§ Task prompt
Set down the whole listing below exactly, without pictures.

§ Given data
^^^^^^^^

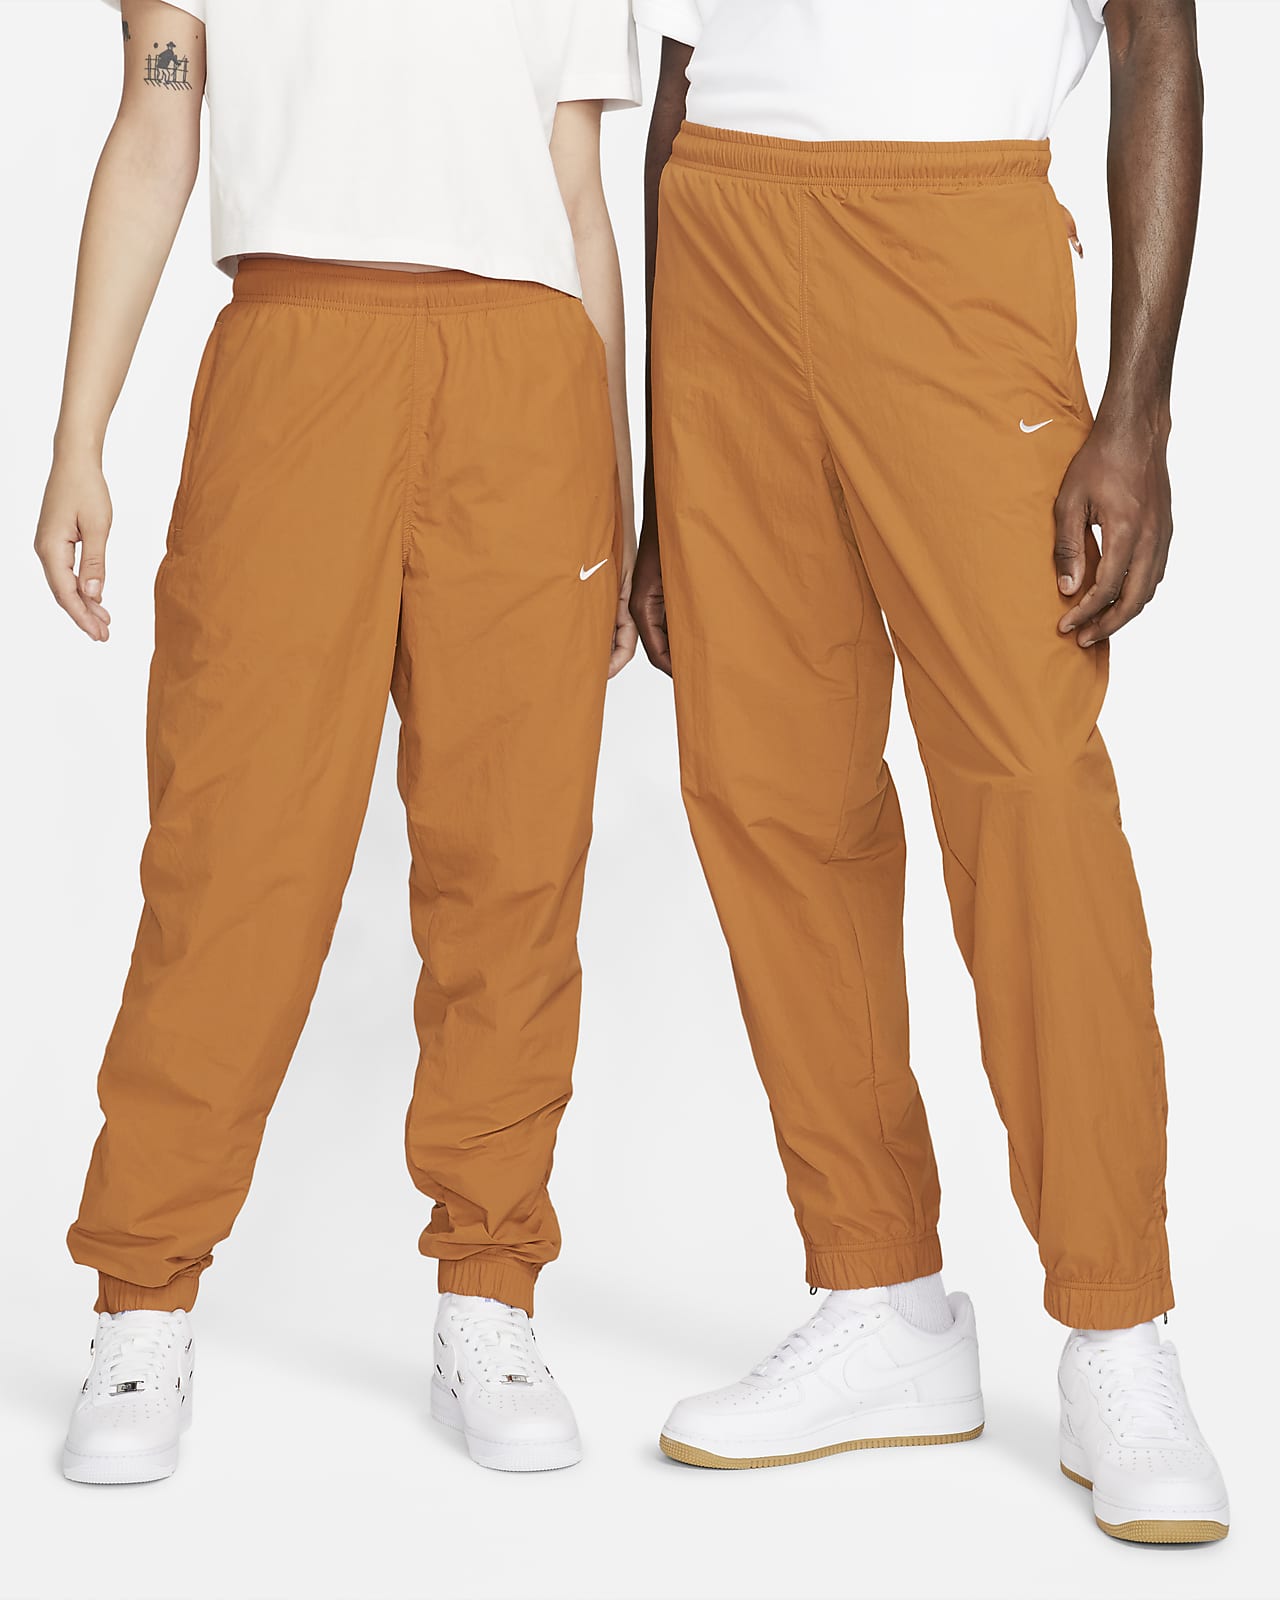 Nike Mens Joggers Tracksuit Air Woven Cuffed Bottoms Sweatpants
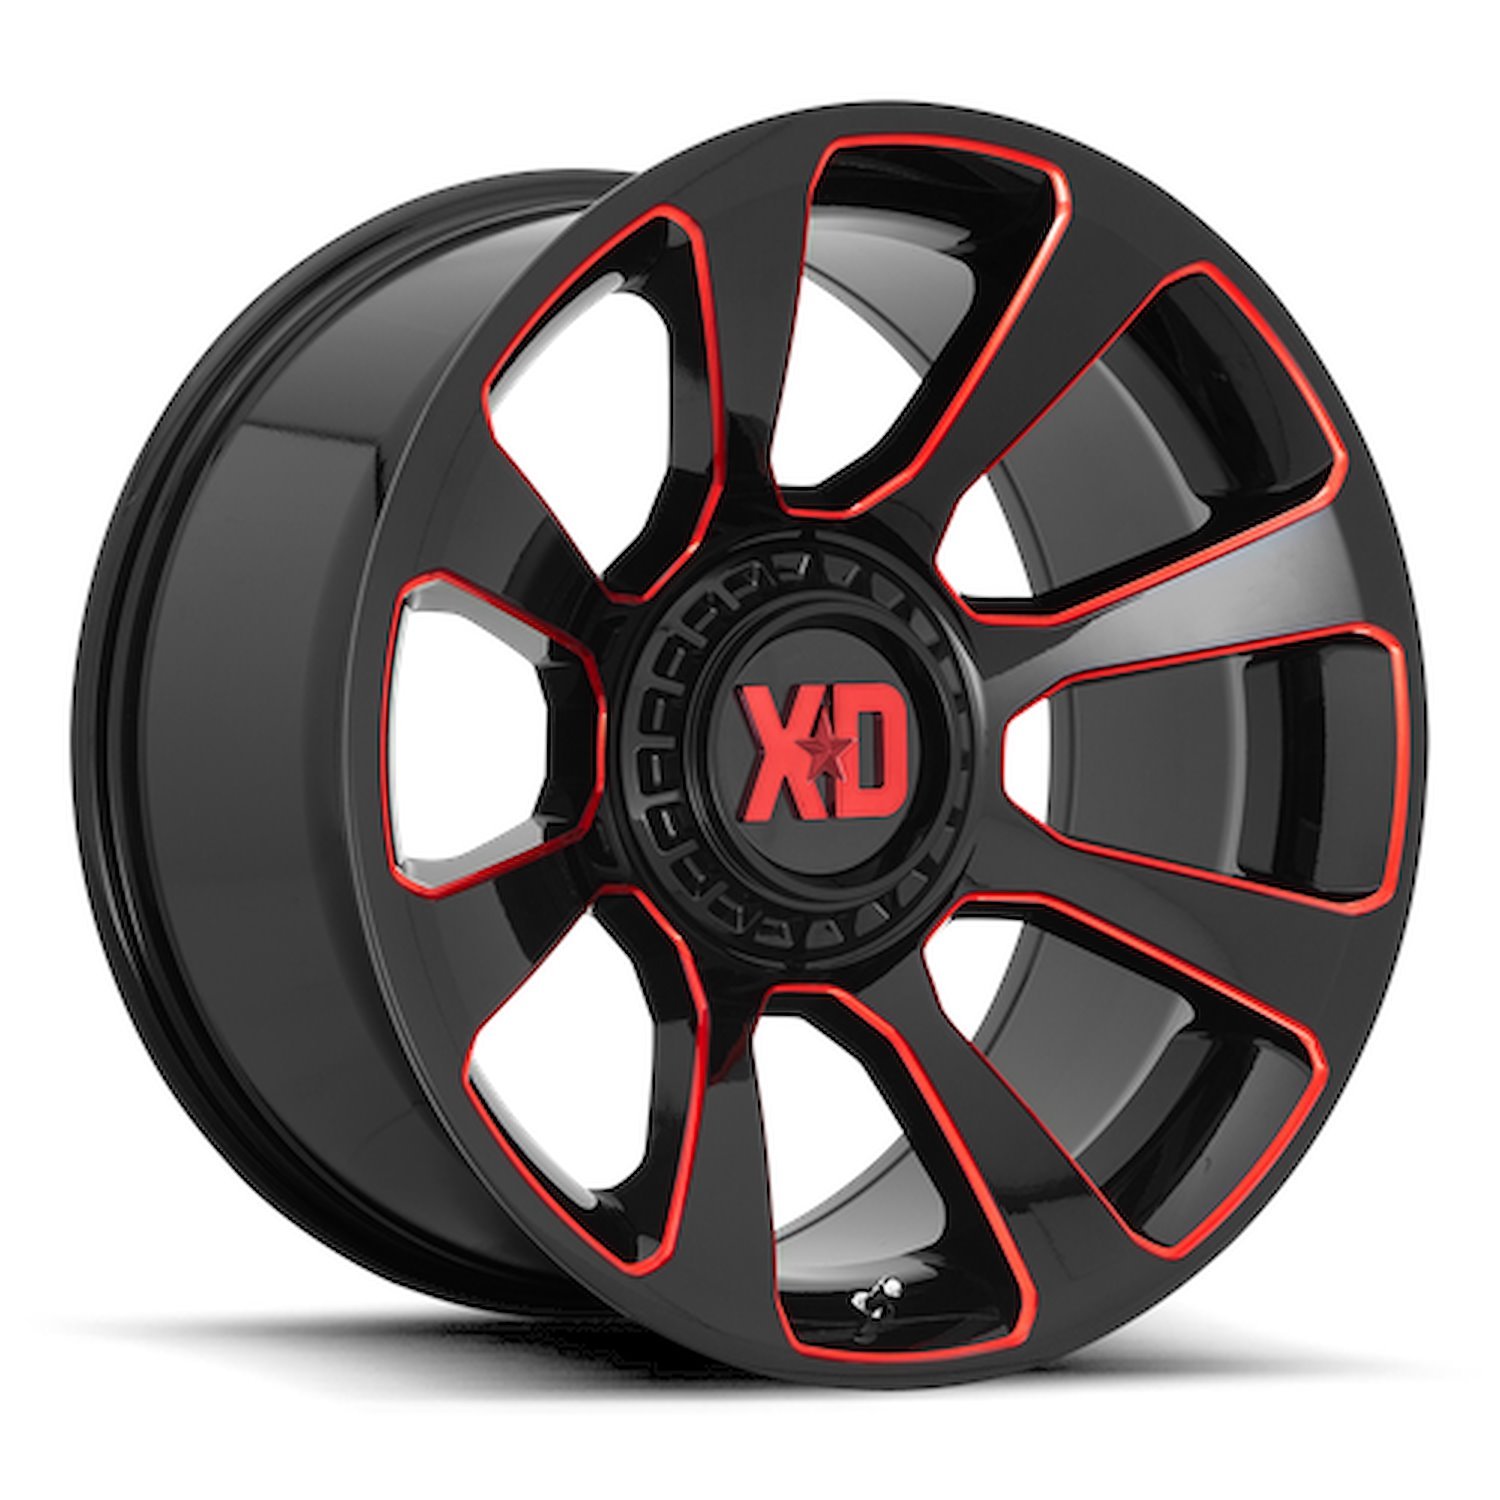 XD Wheels XD854 Reactor Wheel [Size: 20" x 10"] Gloss Black w/ Milled Red Accents
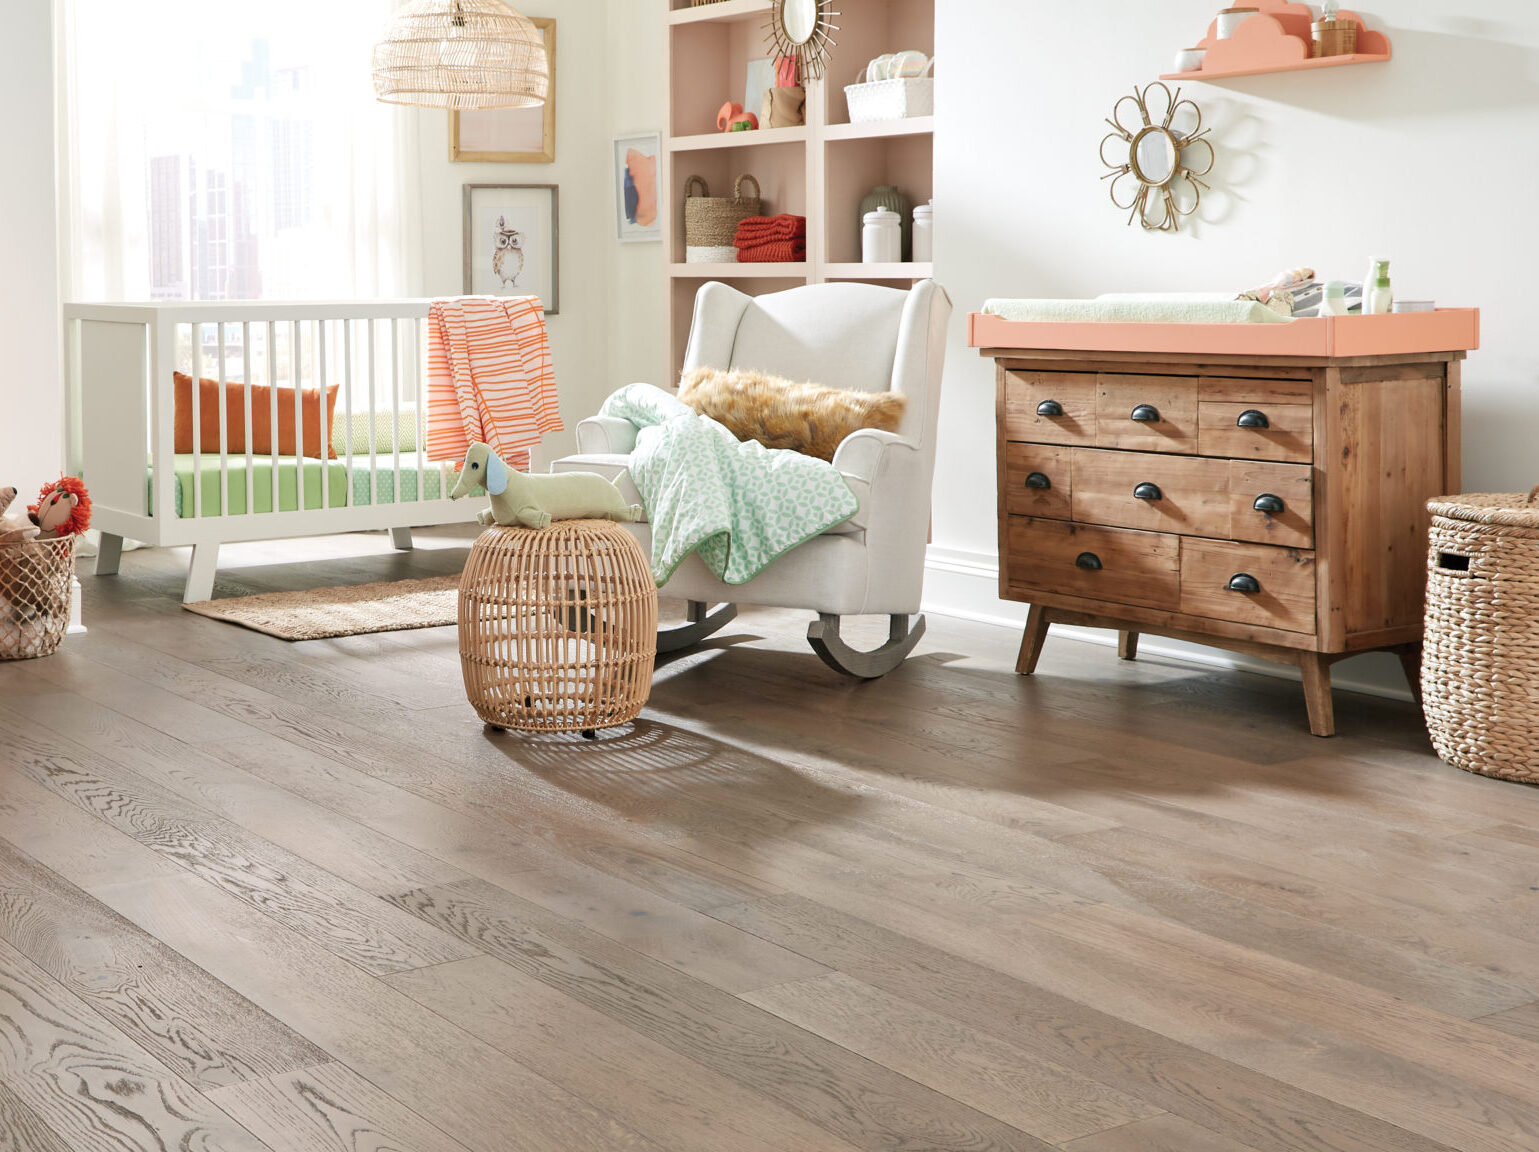 image of baby nursery with wooden floors

^^^^^^^^

§ Completed exercise
 Nike Mens Joggers Tracksuit Air Woven Cuffed Bottoms Sweatpants
 XD Wheels XD854 Reactor Wheel [Size: 20" x 10"] Gloss Black w/ Milled Red Accents
 image of baby nursery with wooden floors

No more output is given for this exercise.